Tuesday 18 March 2008

Wendy singing starts

Wendy Alexander finally got into doing some of what a party leader should be doing - holding her first ever Parliamentary press conference as a party leader.

You can imagine the tension, pens poised, notepads at the ready, ears straining for every nuance. The star of the hour takes her seat, smiles at the assembled scribes like a siofra at a spelling bee, and clears her throat.

Half a dozen scribes take out their penknives and cut the air for a better view, Wendy frowns them into stillness, opens her mouth, and the air is filled with the sound of children's voices singing:
Nkosi sikelel' iAfrika
Maluphakanyisw' uphondo lwayo,
Yizwa imithandazo yethu,
Nkosi sikelela, thina lusapho lwayo.
Disaster!

As the journalists expressed their sympathies Simon Pia was despatched to hush the choir from Zwelibanzi High School in Umlazi - one of South Africa's poorest townships. They were under the watchful eye of Tricia Marwick MSP, though, and not even Simon Pia is daft enough to hush school pupils in front of her - he just waited till they finished.
If only Wendy could have appreciated the second verse:

Morena boloka setjhaba sa heso,
O fedise dintwa la matshwenyeho,
O se boloke, O se boloke setjhaba sa heso,
Setjhaba sa South Afrika - South Afrika.

Banishing strife? Would have been music to her ears! Poor Wendy.

Enough of politicians - what about the pupils?
The children singing are part of a quite extraordinary exchange programme organised by James Gillespie's High School in Edinburgh called "DiverseCity" which has now been running for 10 years.
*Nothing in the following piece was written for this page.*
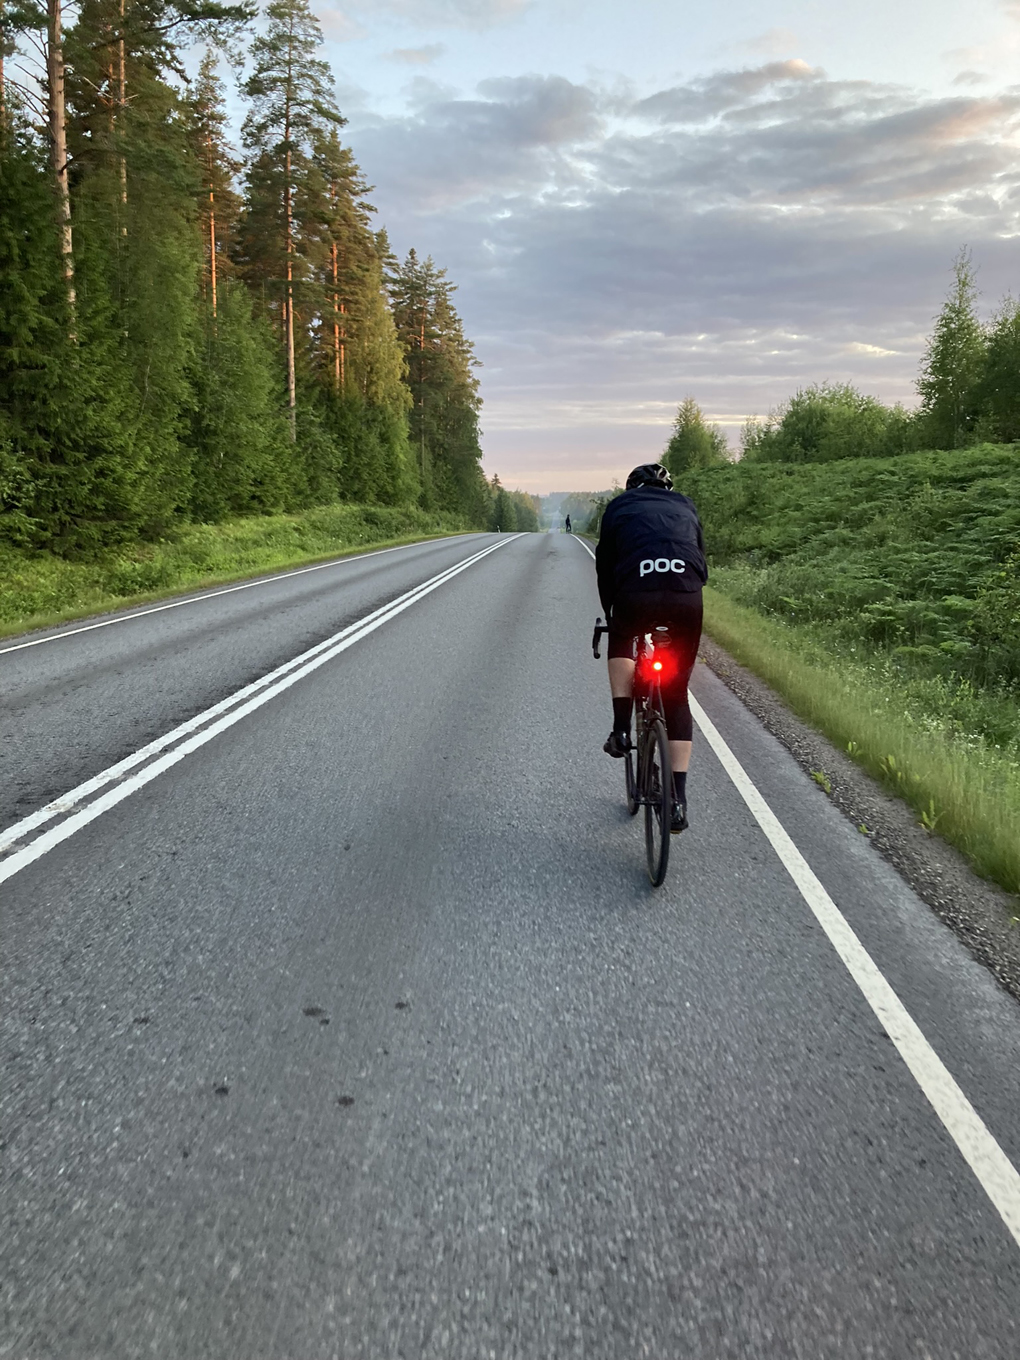 A man cycling on a road.

Umlazi, situated outside Durban, is one of the poorest townships in South Africa, but Zwelibanzi High School pupils get some of the best qualification results in South Africa.
Gillespie's twinning with Zwelibanzi High School helps - the school's fundraising supports Zwelibanzi's educational and other needs, helping to build a kitchen to feed the poorest children, a new sports field, a school library and a music room - all from funds raised in Edinburgh.
Gillespie's pupils have a fantastic cultural change programme, I believe that 50 Scots a year go to teach and learn in Zwelibanzi. A couple of the pictures above have been quite shamelessly purloined from the school's website - http://www.jghs.edin.sch.uk/

That's what I call a school of ambition. Well done Gillespie's! Miss Jean Brodie's creme de la creme has nothing on this lot.

1 comment:

James Mackenzie said...

Yeah, this is a great exchange. The Gillespies students and the Zwelibanzi students both get their eyes opened by it. Other schools across Edinburgh and Scotland should be showing similar imagination.